The Eisenkammer Pirna ("Iron Chamber") was an Electoral Saxon institution with the task of distributing and allocating the iron products within its area of responsibility (Revier), the Pirna Iron Mining District (Pirnaer Eisenrevier). It was founded in 1472 and existed until 1686. It had its seat in the house Am Markt 10, the present town community hall, in the Old Town (Altstadt) of Pirna.

Other Eisenkammern existed as authorities regulating the iron trade for instance in the former Austria iron centres of Steyr and Scheibbs.

== History ==
Iron ore was mined in the Eastern Ore Mountains probably already in the 13th century and has been confirmed for the town of Berggießhübel in an accounting dated 1450. Berggießhübel, being the centre of iron mining in the Pirna district, was the seat of a local mining authority, whose regulations of 1546 applied to the whole of the Pirna mining district. Patrons of the mines were the Electors of Saxony and the noble families von Bünau of Liebstadt and von Bernstein of Ottendorf. The products made from the local iron ore were known as Pirnisches Eisen ("Pirna iron") and were in high demand for two main reasons:

- Pirna iron was highly esteemed for having been made from magnetite, the iron ore of the highest grade. The historian Petrus Albinus notes (place names with historical spelling):

″The third and most excellent iron is made in Lawenstein and Berggieshübel and Glasshütten / all three are situated not far from the cities Dreßden and Pirna. Hence many call the iron / that is made there Pirnisch / and praise it to be more malleable than the Lusatian one / which otherwise is still widely traded.″

- The Electorate of Saxony was generally short of iron, which was mainly needed for armaments and for the extraction of silver, tin, and copper from the mines. The preamble of the 1546 mining regulations of Berggießhübel states that

″in our silver and other mines, also otherwise in our lands and principality a notable want of iron is felt.″

Hence, the rulers of the country established a monopoly on the iron trade already in 1472, and on this occasion also the Eisenkammer Pirna in order to ensure the supply of iron for the mines and arsenals. Accordingly, all iron products from the Pirna mining district (around 300 tonnes per year in the 16th century) had to be delivered to the Eisenkammer for a fixed price, and the latter sold them to the Dresden arsenal, the mines, towns, and guilds. For example, the saltworks of Poserna were built in 1572 using Pirna iron almost exclusively.

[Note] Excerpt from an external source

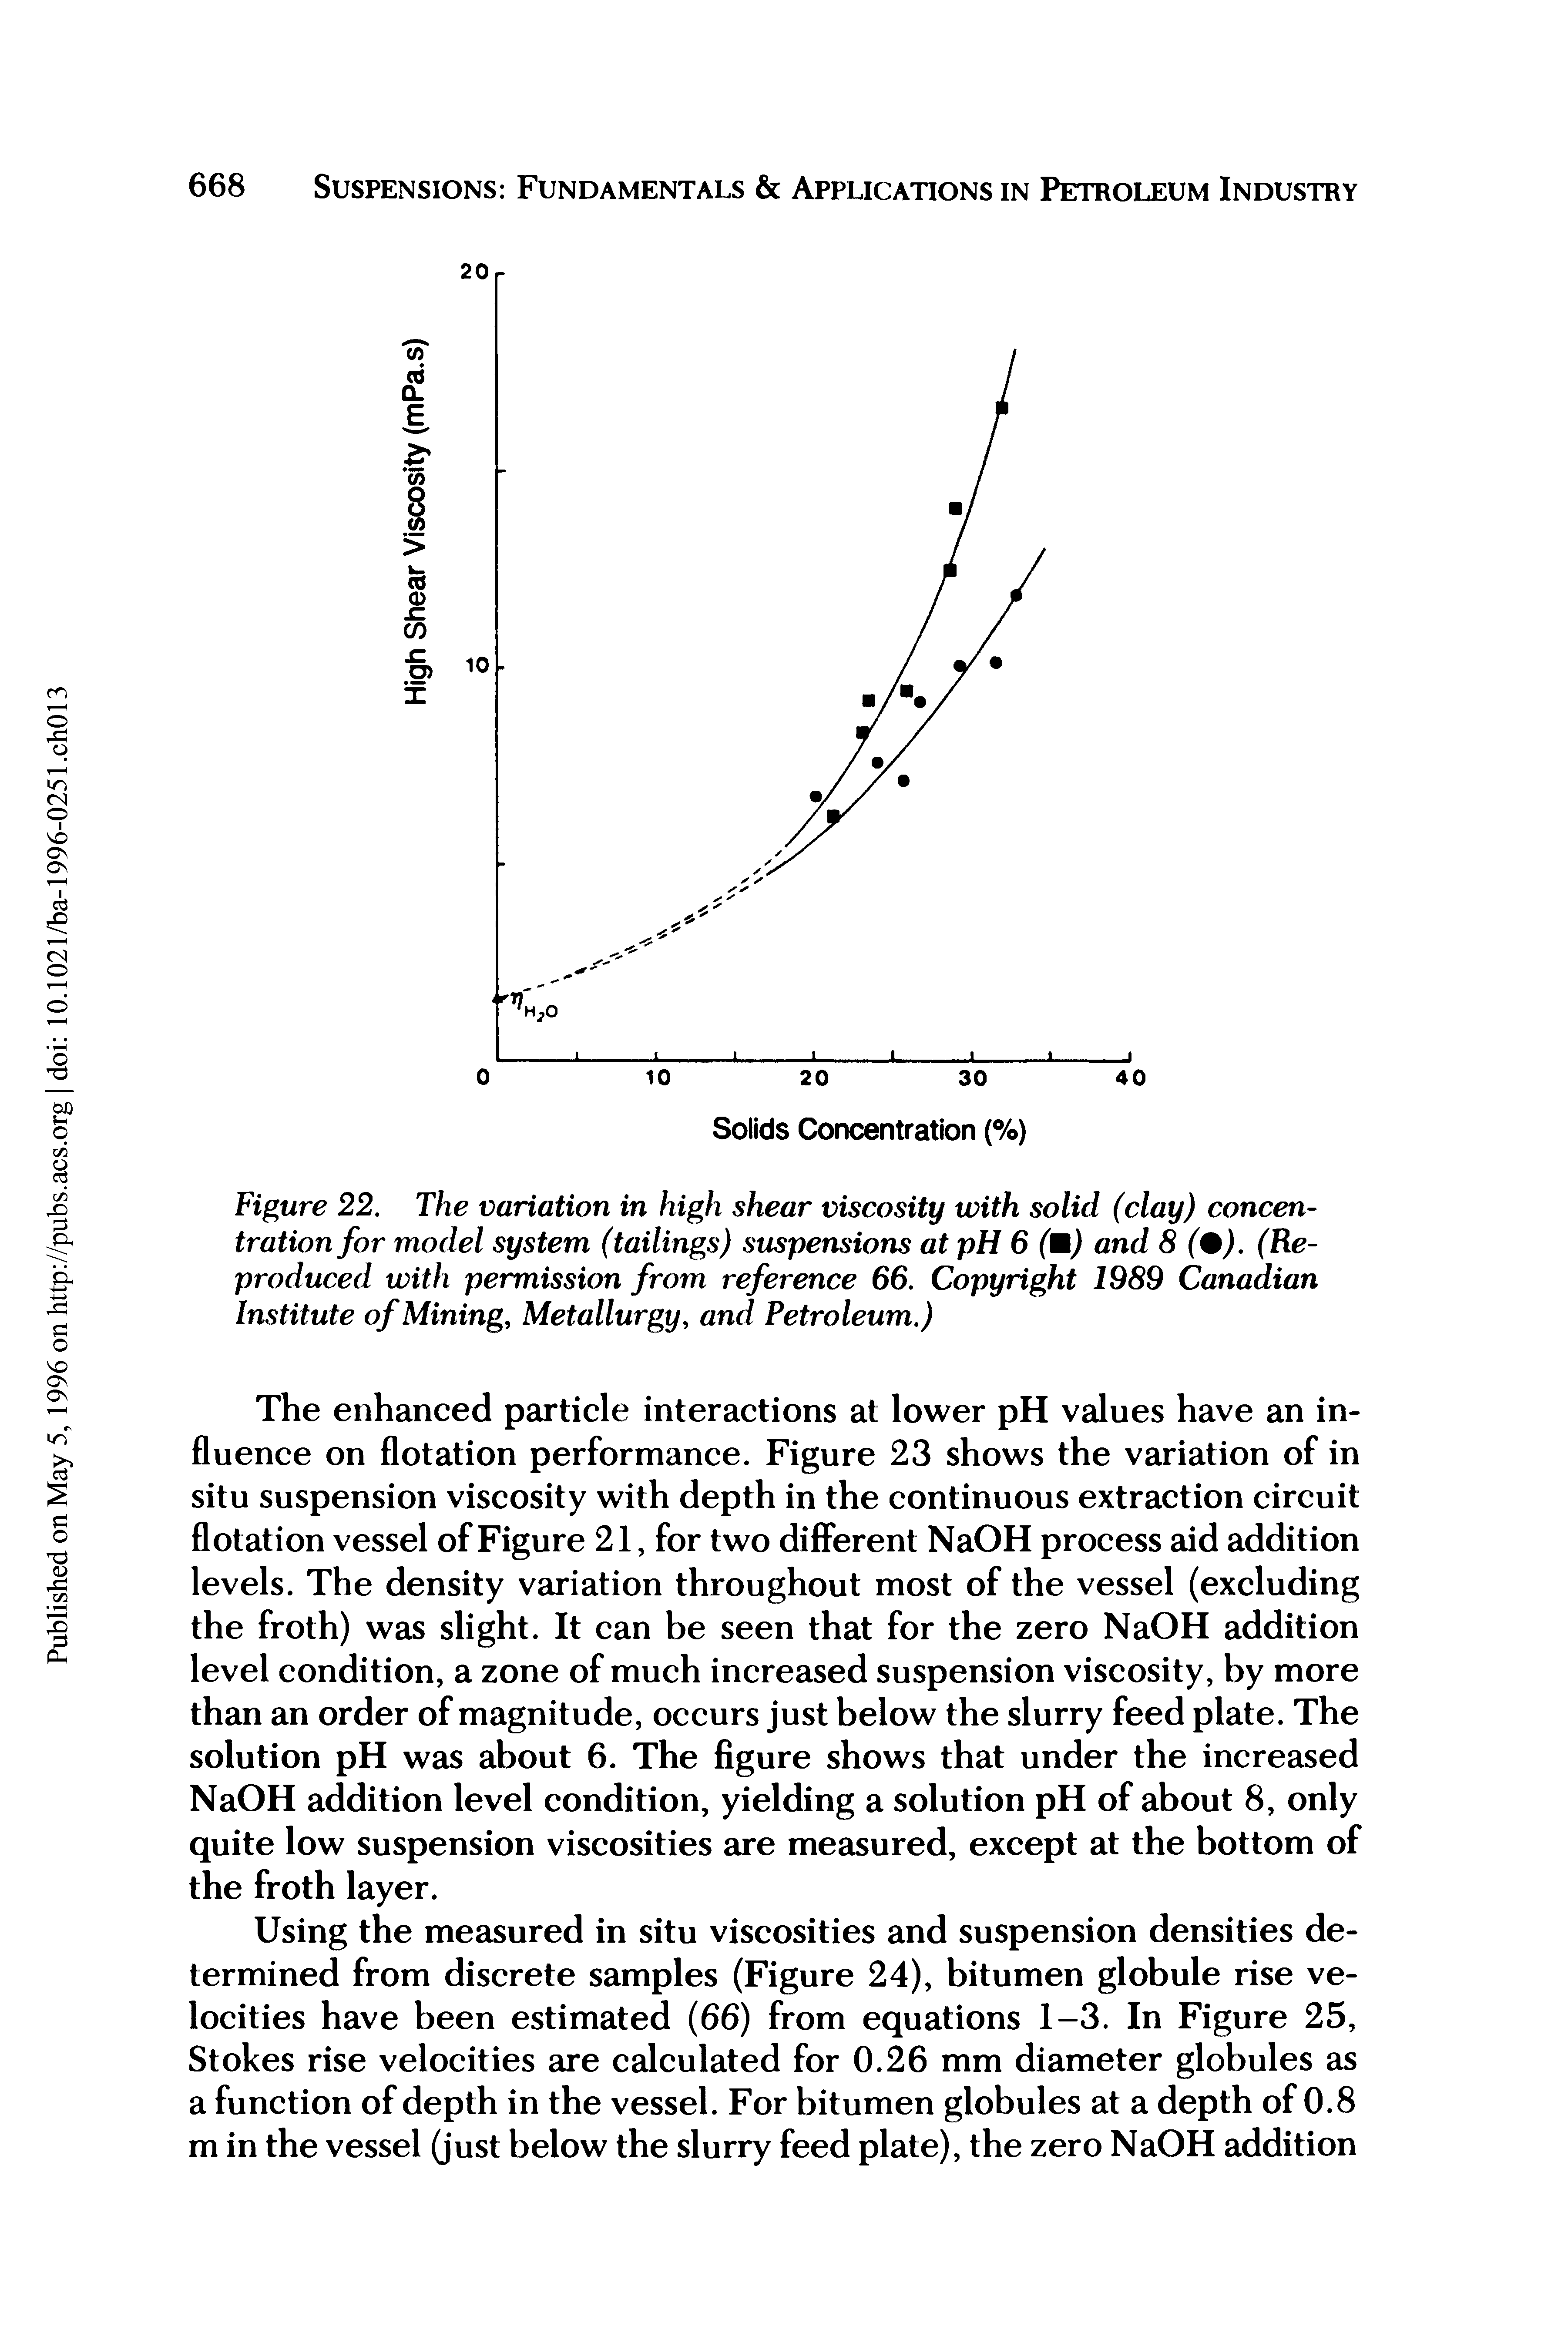 Figure 22. The variation in high shear viscosity with solid (clay) concentration for model system (tailings) suspensions at pH 6 (M) and 8 (%). (Reproduced with permission from reference 66. Copyright 1989 Canadian Institute of Mining, Metallurgy, and Petroleum.)...

The purpose of the monopoly was not profit, but the assurance of a sufficient supply of iron. Hence the iron trade turned out to operate with a loss, and in 1583 the Council of Pirna was ordered to take over the tasks of the Eisenkammer. Already 20 Saxon town were obligated to purchase their iron exclusively from Eisenkammer Pirna, and Prince-Elector Augustus now confirmed his order that all iron in the Electorate had to be procured from there. This, however, proved difficult to enforce.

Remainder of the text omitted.